While the innovation space suffered in 2022, investors should still keep an eye out for compelling tech stocks to own this year. True, you never want to dismiss steep volatility. In such cases, the valuation of impacted companies fell for a reason, and usually not a good one. Nevertheless, being too pensive with the equities sector imposes possible opportunity costs.
Moreover, the tech stocks to own this year enjoy a fundamental advantage. Unlike mature, well-established enterprises, companies that forward the latest advancements across various functionalities will likely always be in demand. After all, the word “progress” implies forward movement, not regression. As well, even under a possible recession, nations will still invest in their future. Therefore, while it’s an unnerving prospect, the red ink from last year may be your friend.

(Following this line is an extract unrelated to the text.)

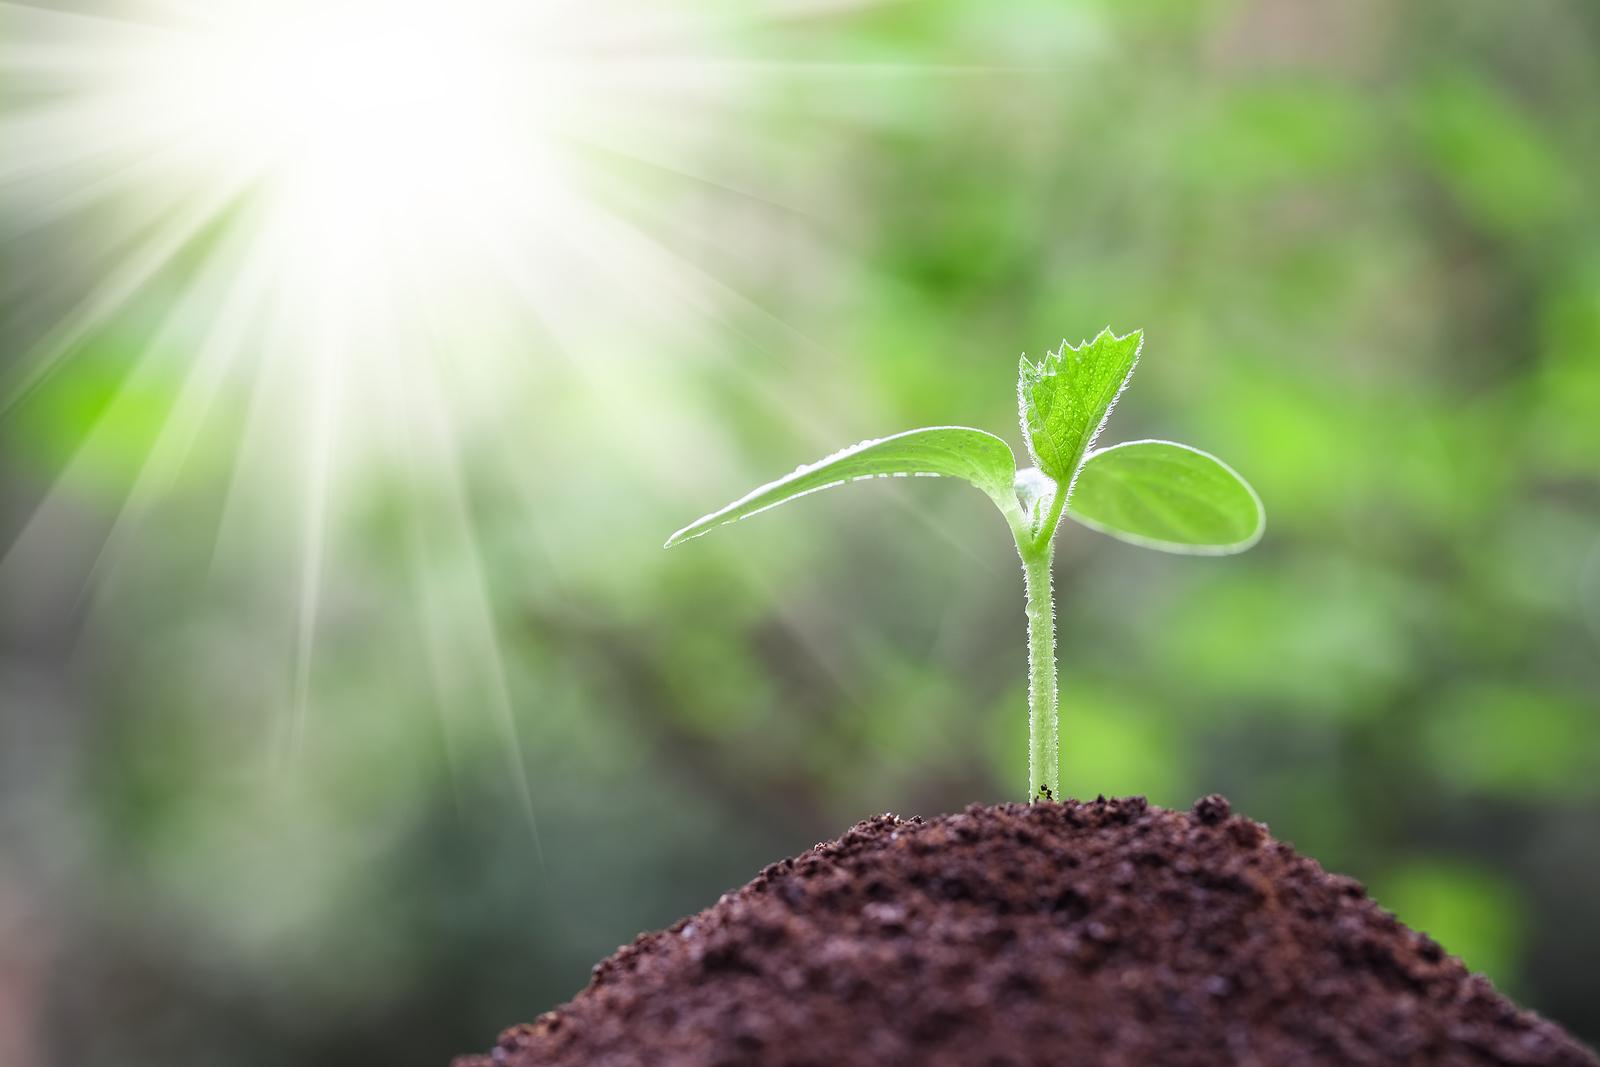 bigstock-Seedling-Closeup-With-Sunshine-64028794.jpg
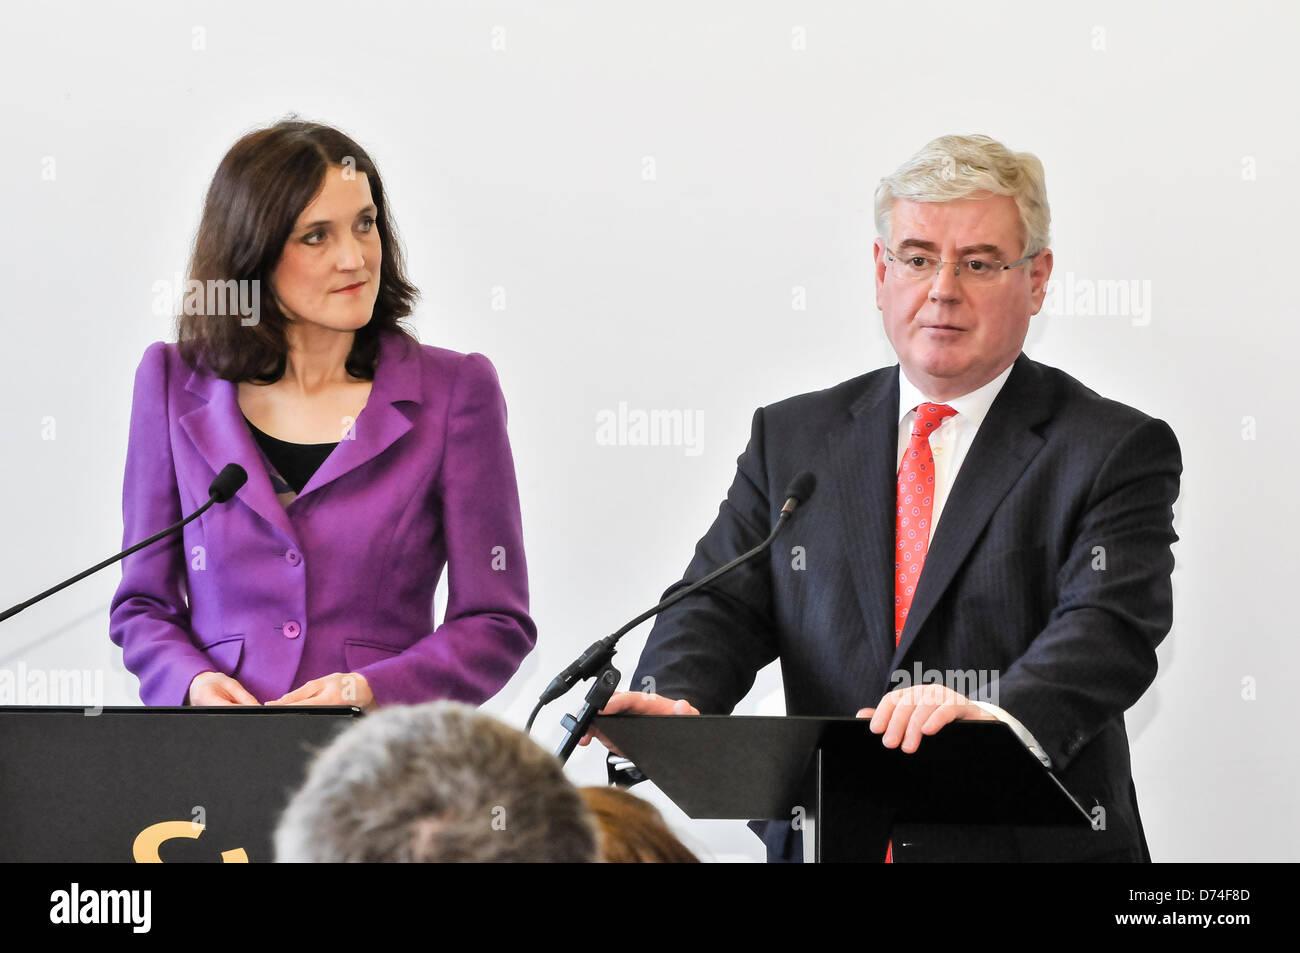 Belfast, Northern Ireland. 29th April 2013. Secretary of State Theresa Villiers and Irish Tánaiste Eamon Gilmore - Stock Image

Below are the tech stocks to own for 2023.
|KLIC||Kulicke and Soffa||$49.73|
Alphabet (GOOG, GOOGL)
Internet technology firm Alphabet (NASDAQ:GOOG, NASDAQ:GOOGL) suffered a brutal beatdown last year. There’s no other way to put it. In the trailing year, the GOOG Class C shares dropped nearly 30% in equity value. Even in the trailing half-year period when other securities bounced dramatically higher, GOOG finds itself 18% below parity. Still, it likely ranks among the tech stocks to own this year.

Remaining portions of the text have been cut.